--- PROVIDED DATA ---
┏━━
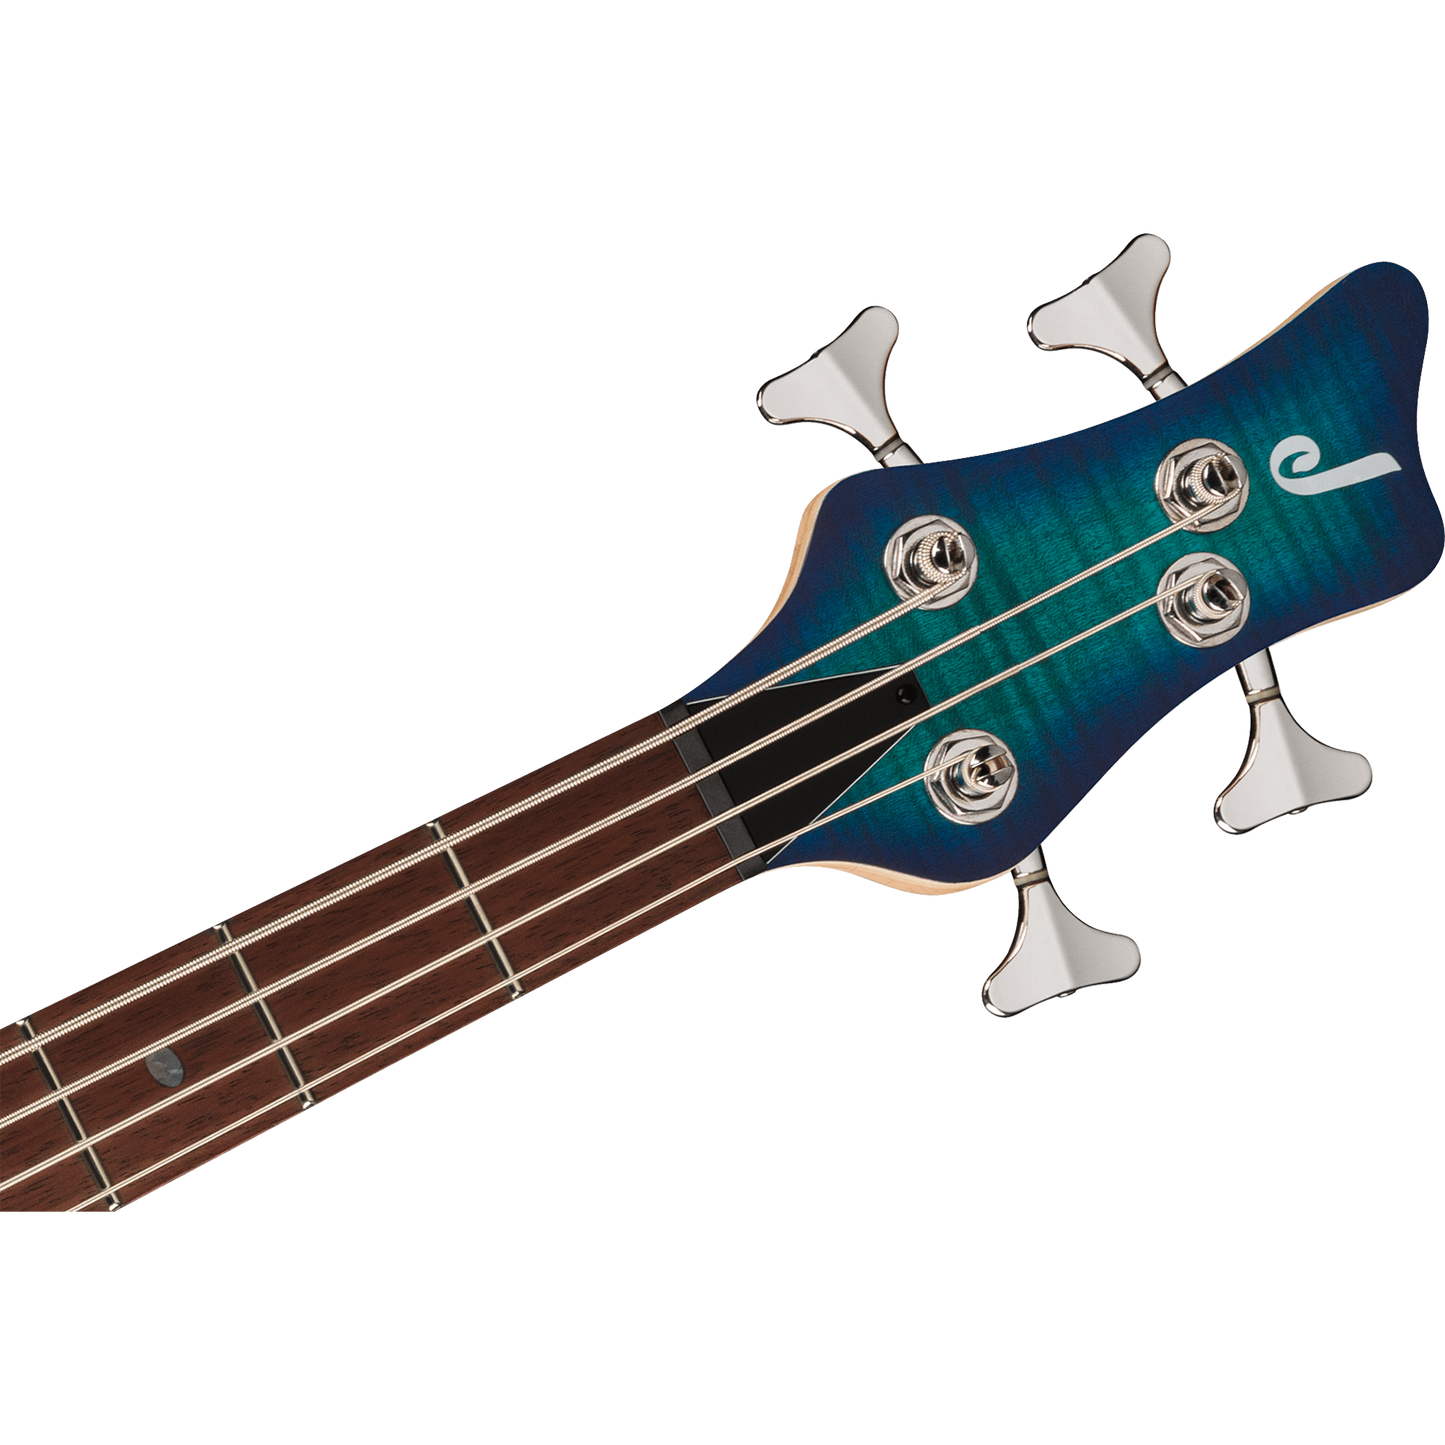 Jackson Pro Series Spectra Bass SBFM IV Bass Guitar, Chlorine Burst
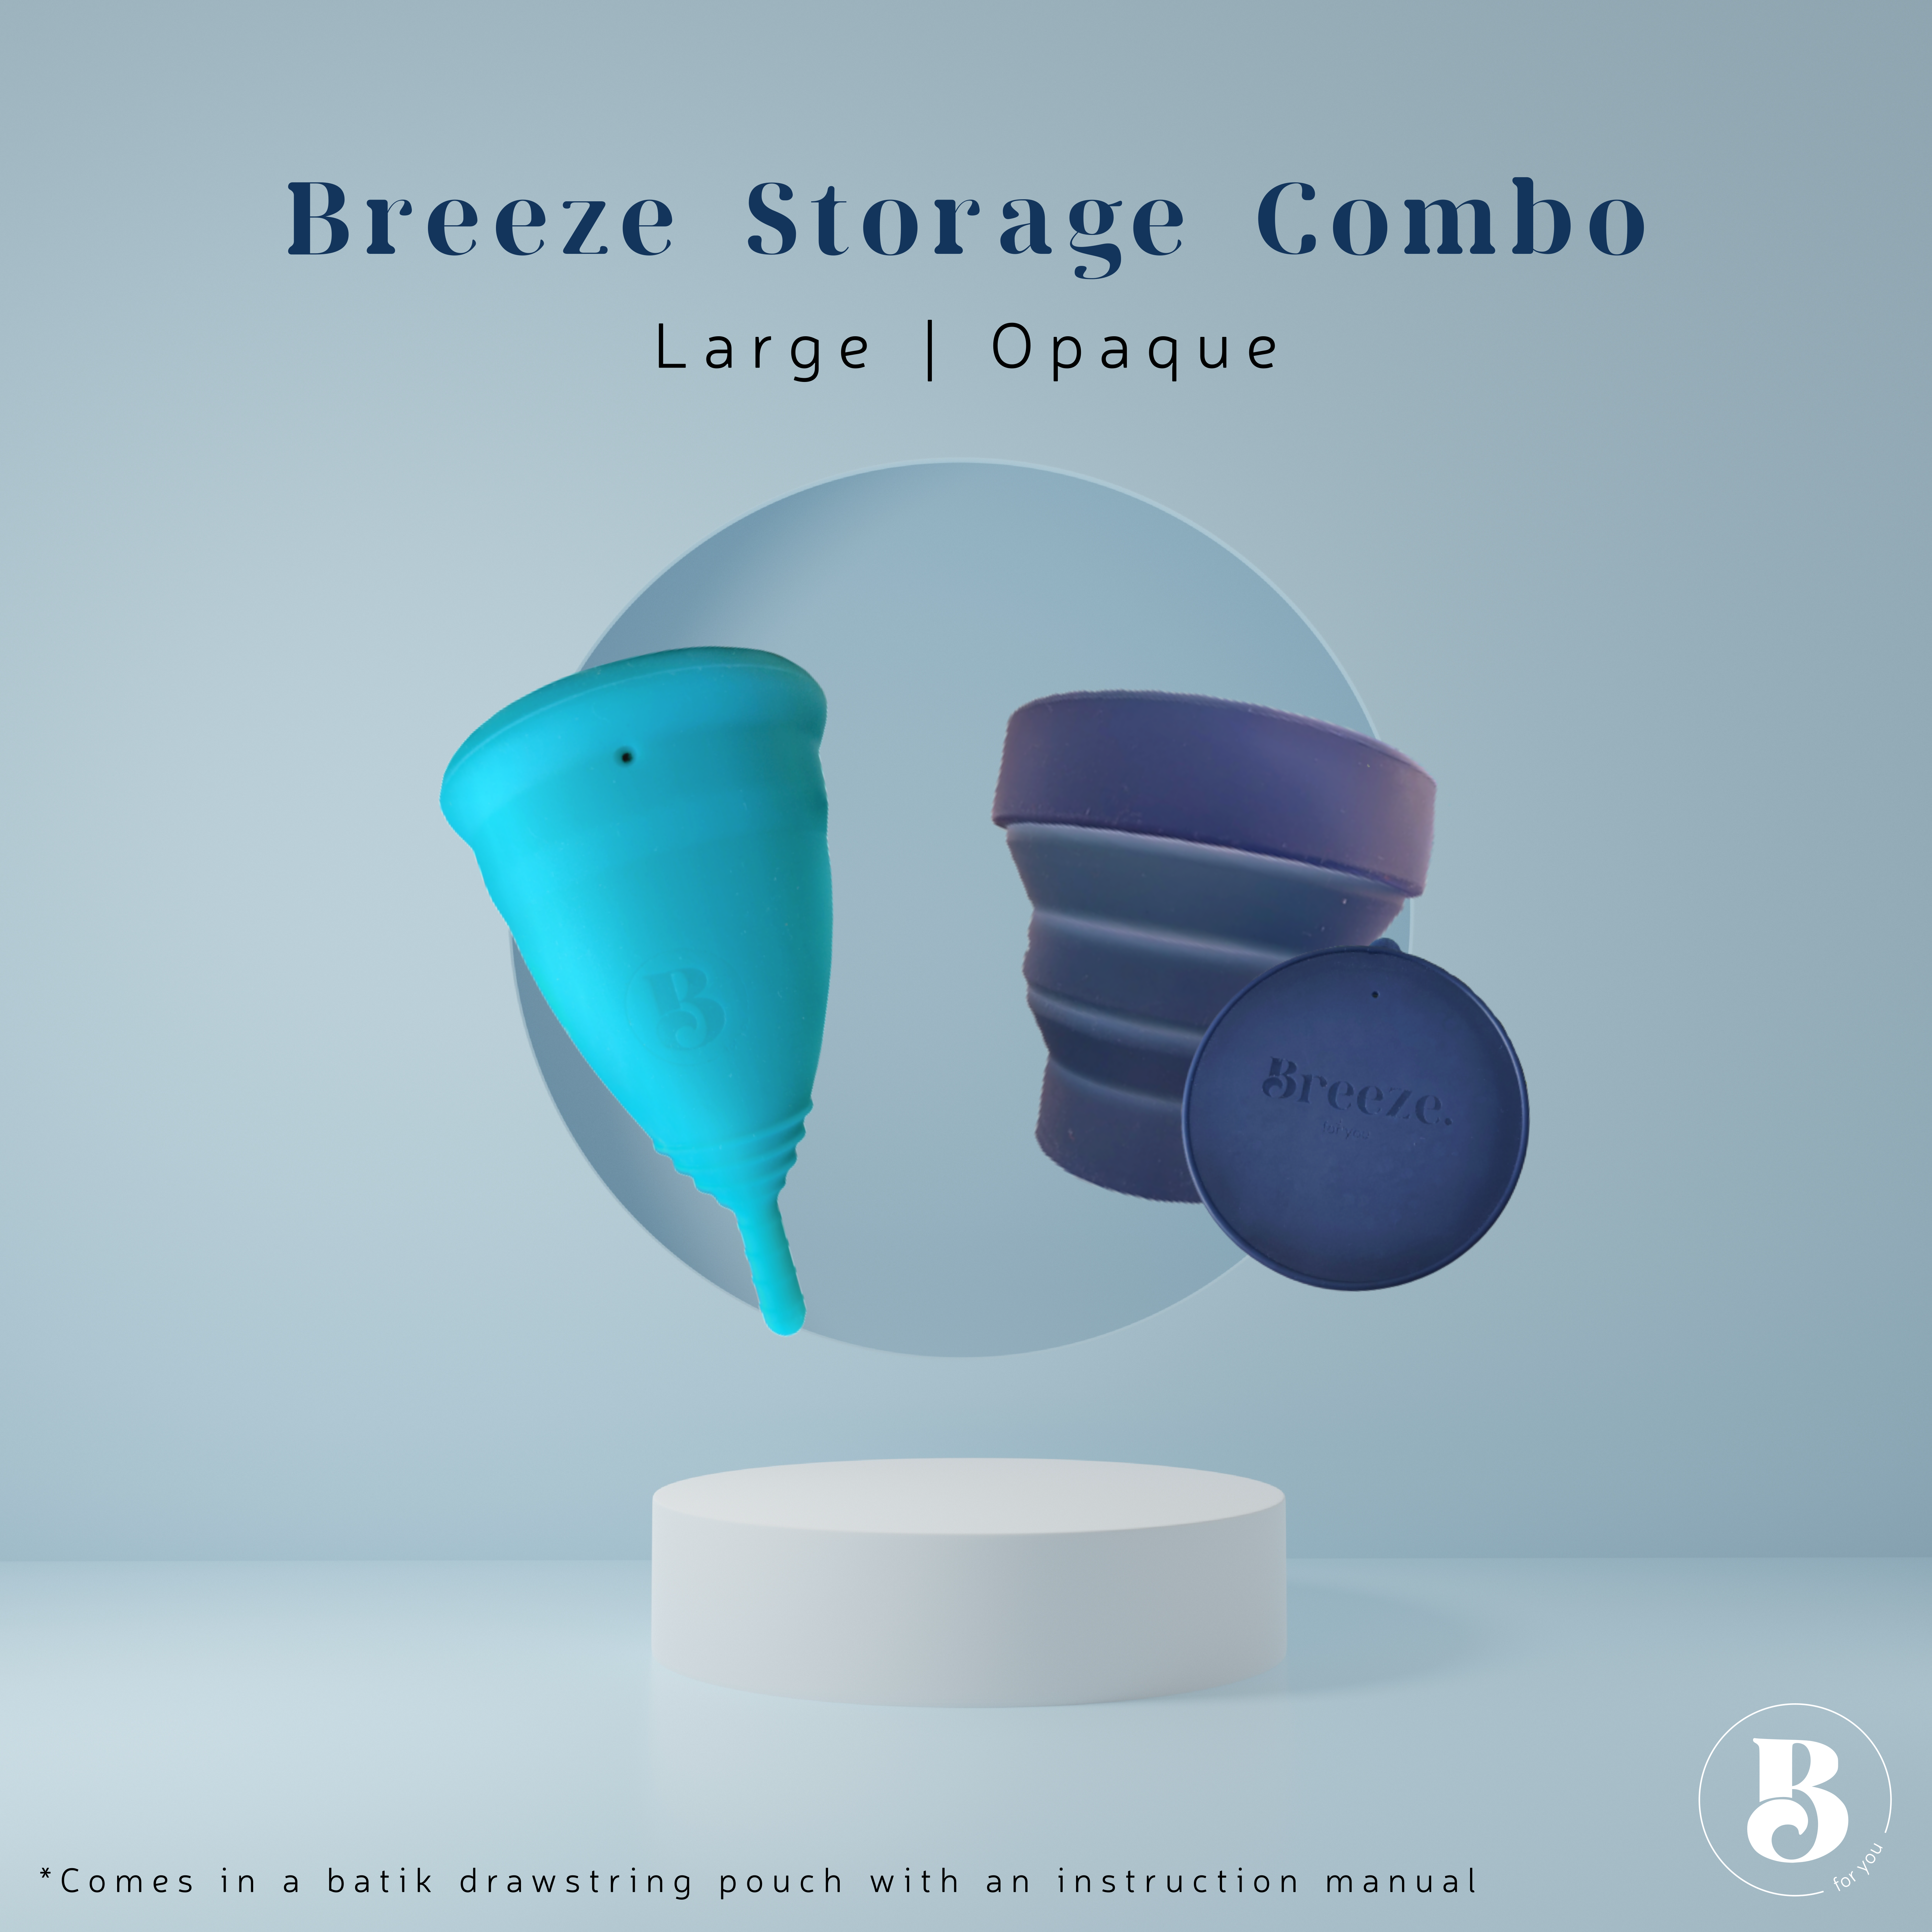 Breeze Storage Combo Large Opaque
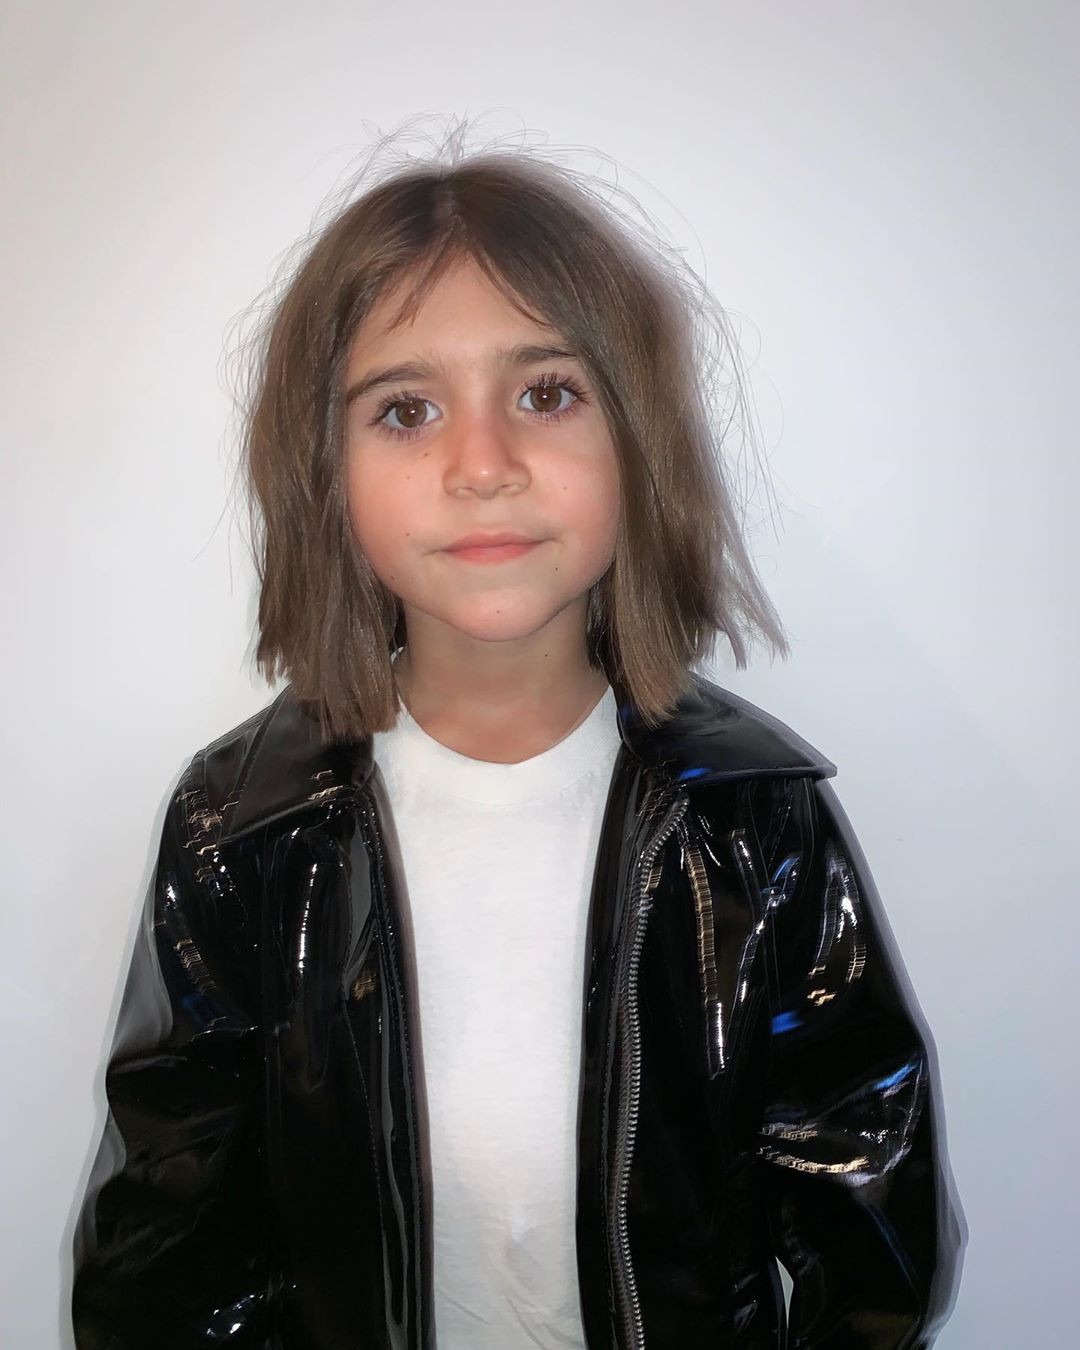 Kourtney Kardashians Daughter Penelope Disick Gets Her First Ever Haircut 
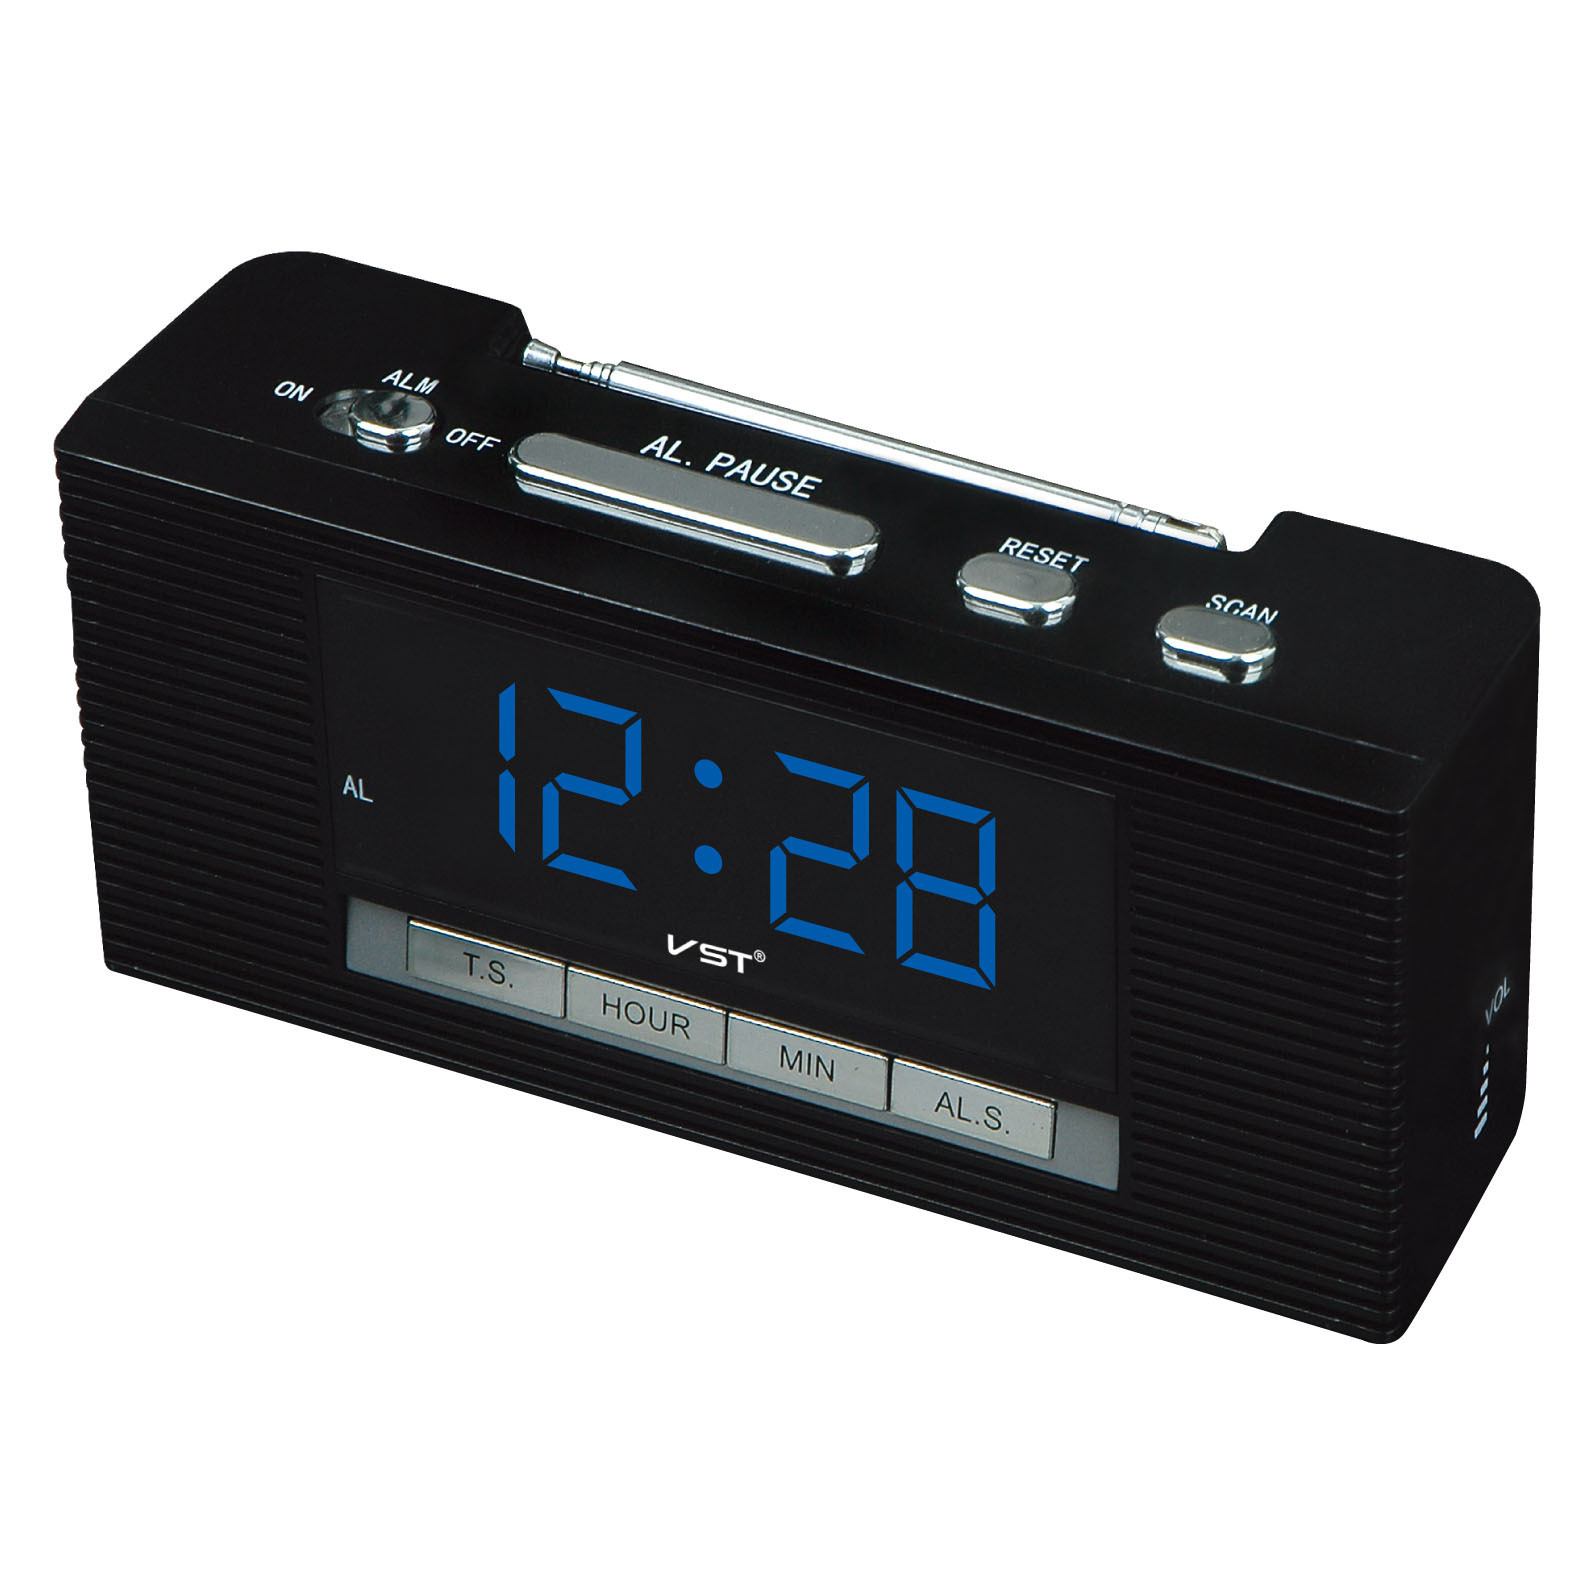 LED Clock FM Radio Alarm Clock Night Watch Electronic Table Digital Watches Luminova Bedroom Home Decor Best For Gift
┗━━
--- WHAT YOU SHOULD DO ---
Exact copy, no images: rewrite the entire listing above.

--- RESULT ---
 Jackson Pro Series Spectra Bass SBFM IV Bass Guitar, Chlorine Burst
 Breeze Storage Combo Large Opaque
 Kourtney Kardashians Daughter Penelope Disick Gets Her First Ever Haircut 
 LED Clock FM Radio Alarm Clock Night Watch Electronic Table Digital Watches Luminova Bedroom Home Decor Best For Gift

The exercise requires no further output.